* _WHAT TO DO_:
When you reach the line below that has "Grenada 2002 Mushrooms", start returning lines exactly, and stop after the line that has "Snímek obrazovky s"; skip the pictures.

* _MATERIAL SHOWN_:
########
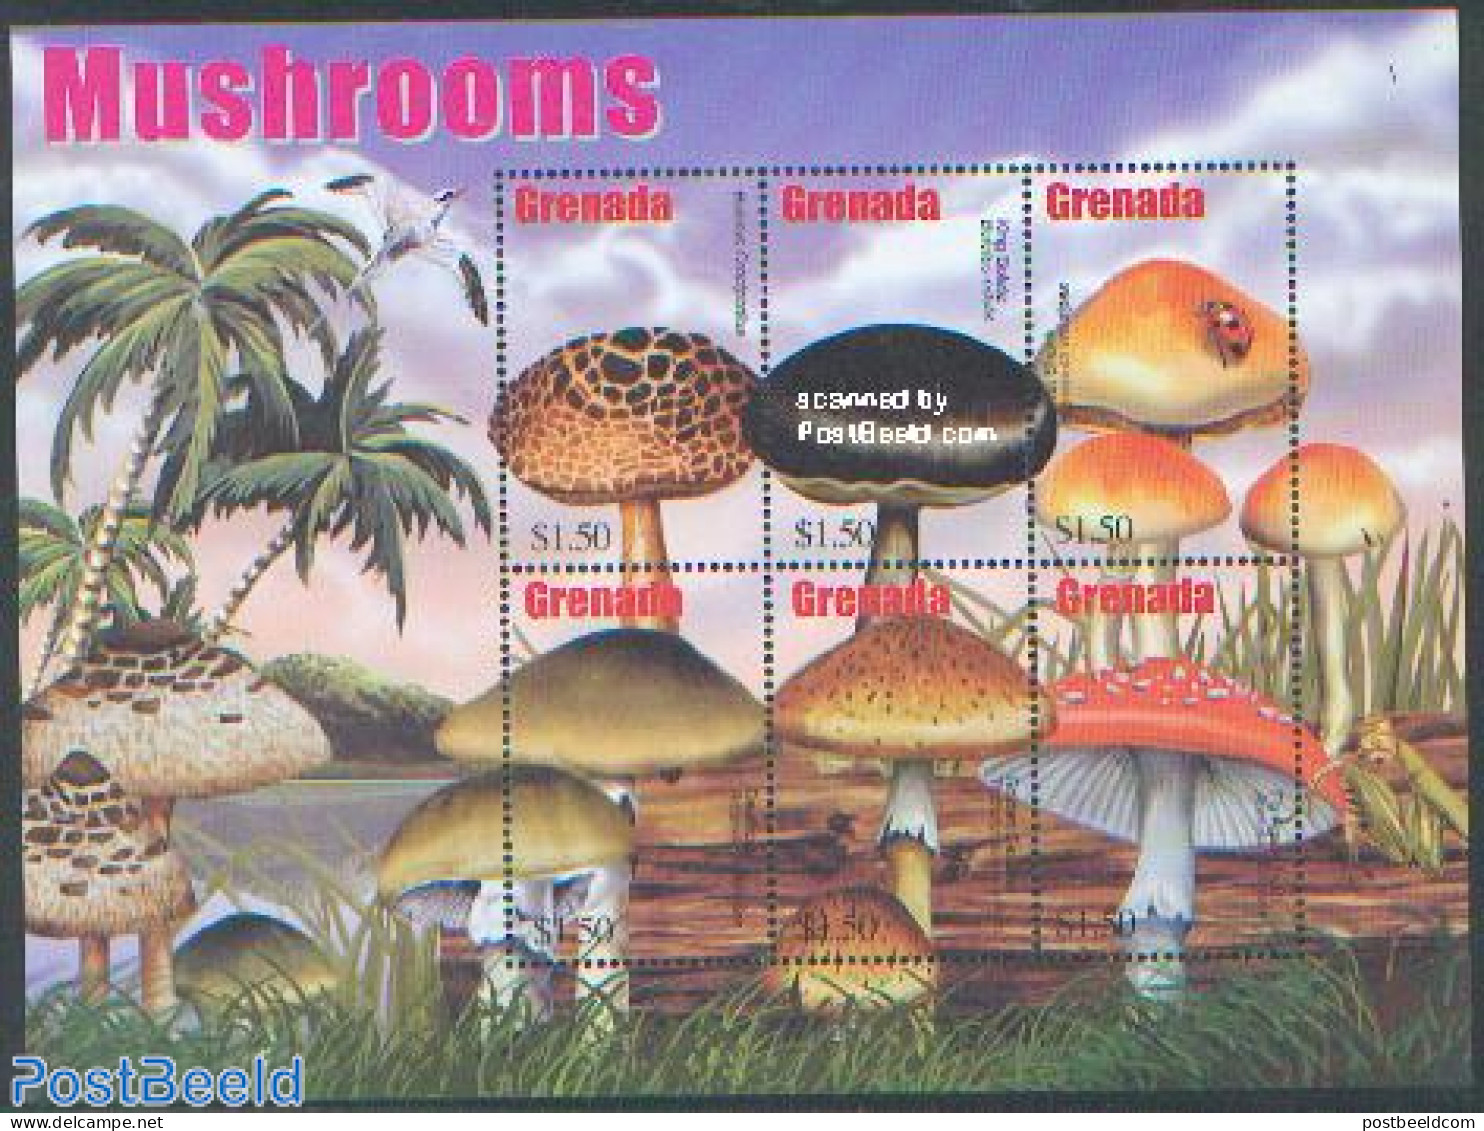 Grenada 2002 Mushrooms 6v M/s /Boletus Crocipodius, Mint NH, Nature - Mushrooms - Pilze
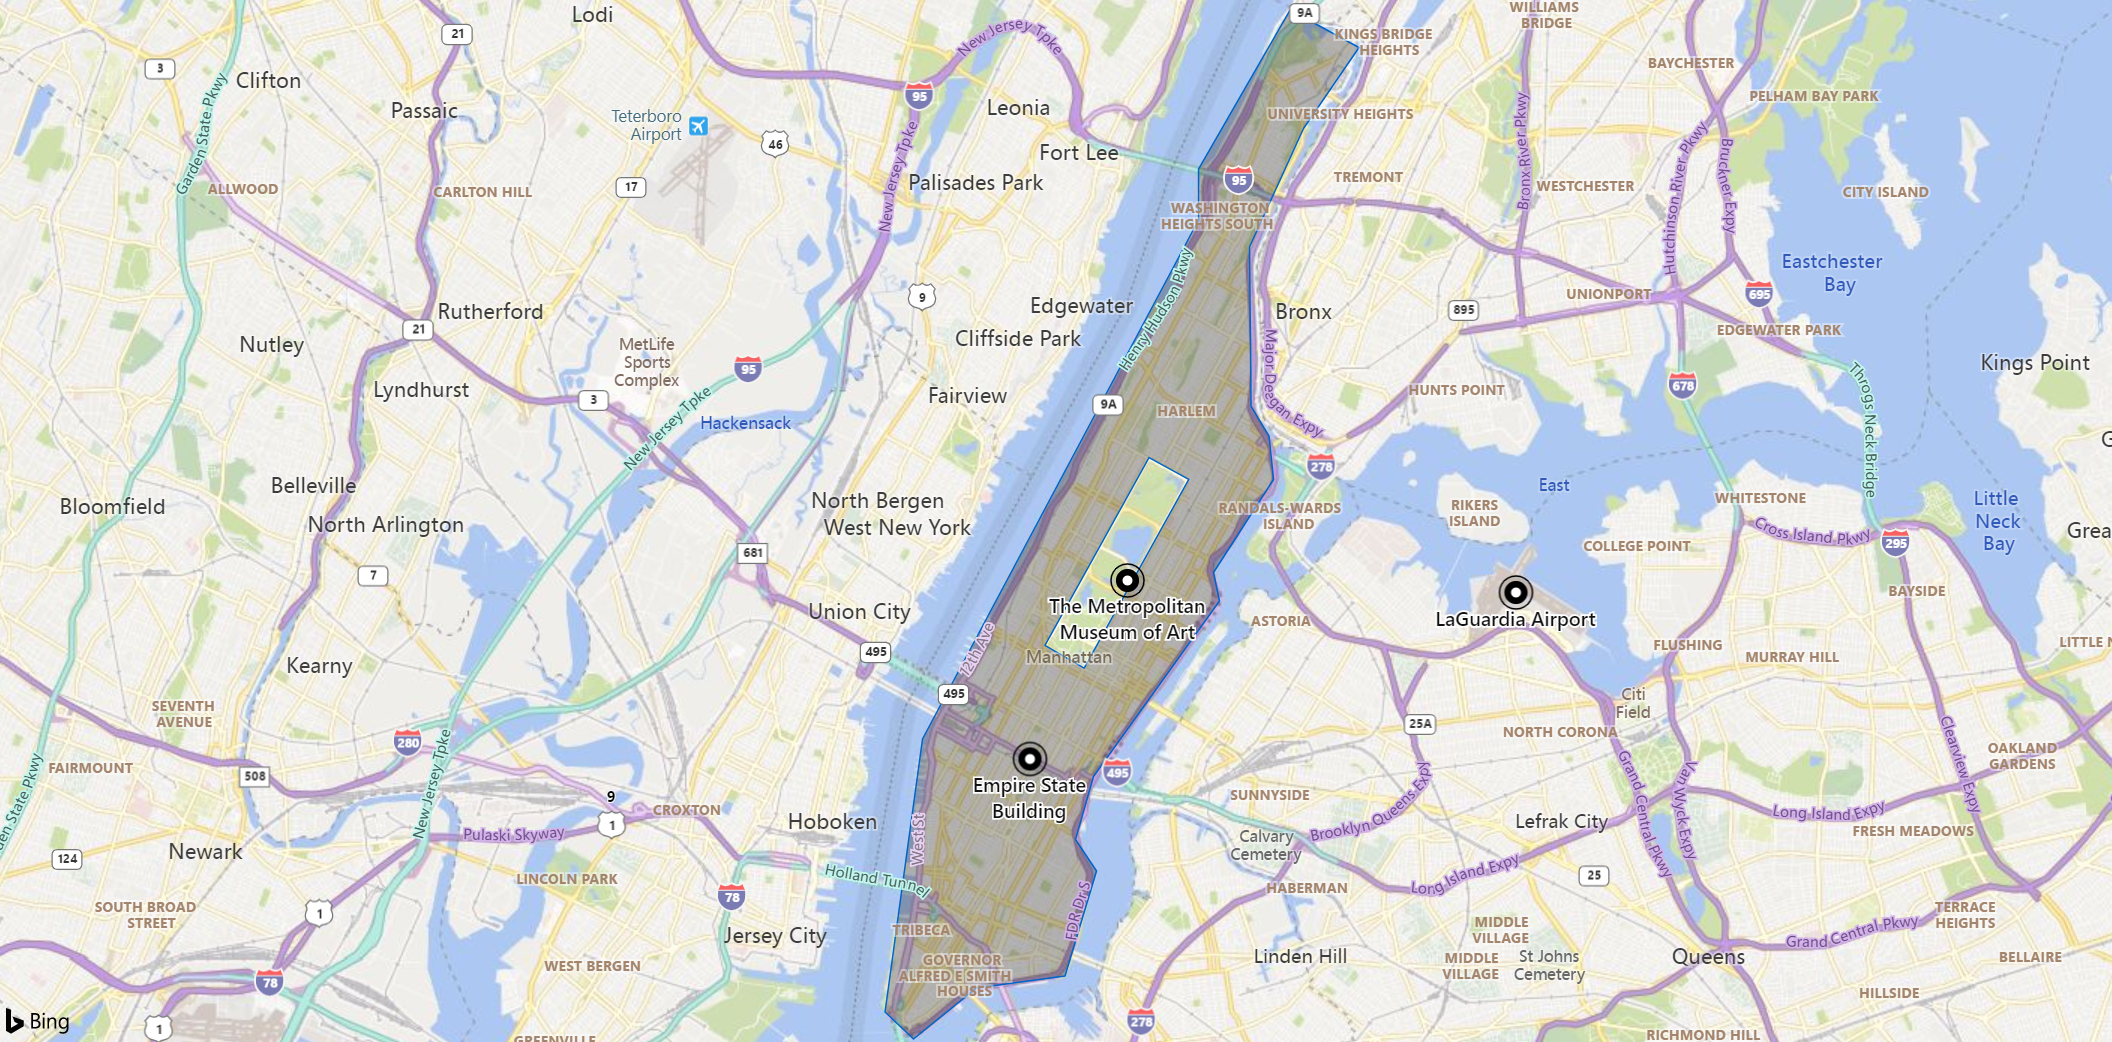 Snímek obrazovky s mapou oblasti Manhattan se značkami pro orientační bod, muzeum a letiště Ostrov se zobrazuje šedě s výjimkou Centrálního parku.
########
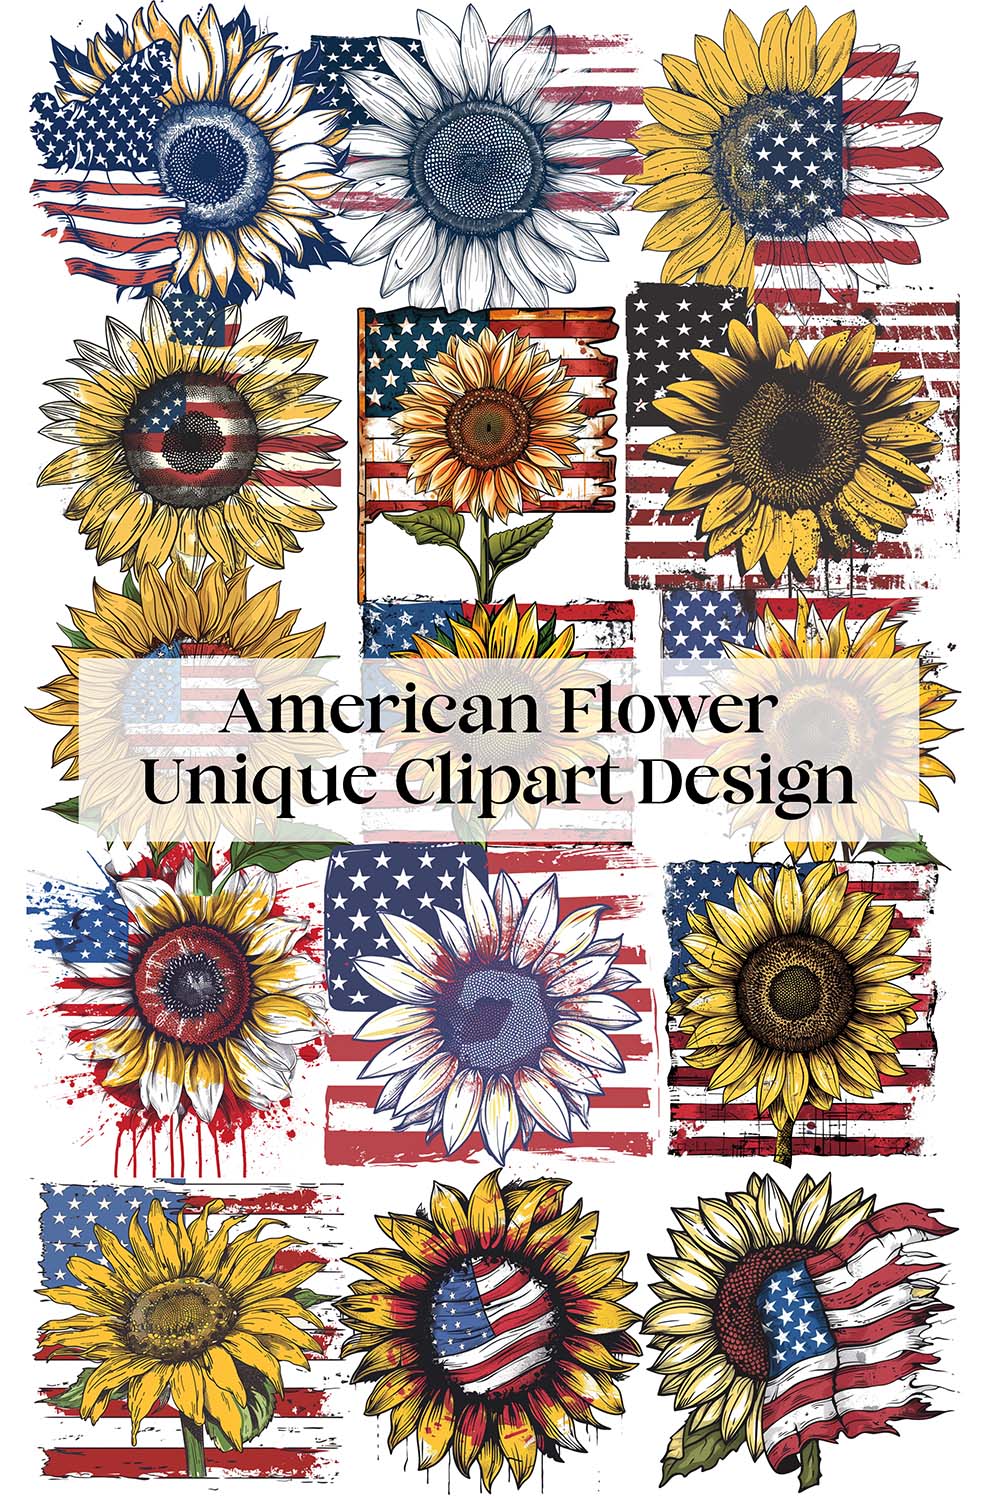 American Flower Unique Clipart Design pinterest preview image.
########
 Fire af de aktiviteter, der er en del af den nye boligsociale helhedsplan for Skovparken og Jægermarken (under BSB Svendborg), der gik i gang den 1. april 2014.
########
* _OUTPUT OF THE TASK_:
 Grenada 2002 Mushrooms 6v M/s /Boletus Crocipodius, Mint NH, Nature - Mushrooms - Pilze
 Snímek obrazovky s mapou oblasti Manhattan se značkami pro orientační bod, muzeum a letiště Ostrov se zobrazuje šedě s výjimkou Centrálního parku.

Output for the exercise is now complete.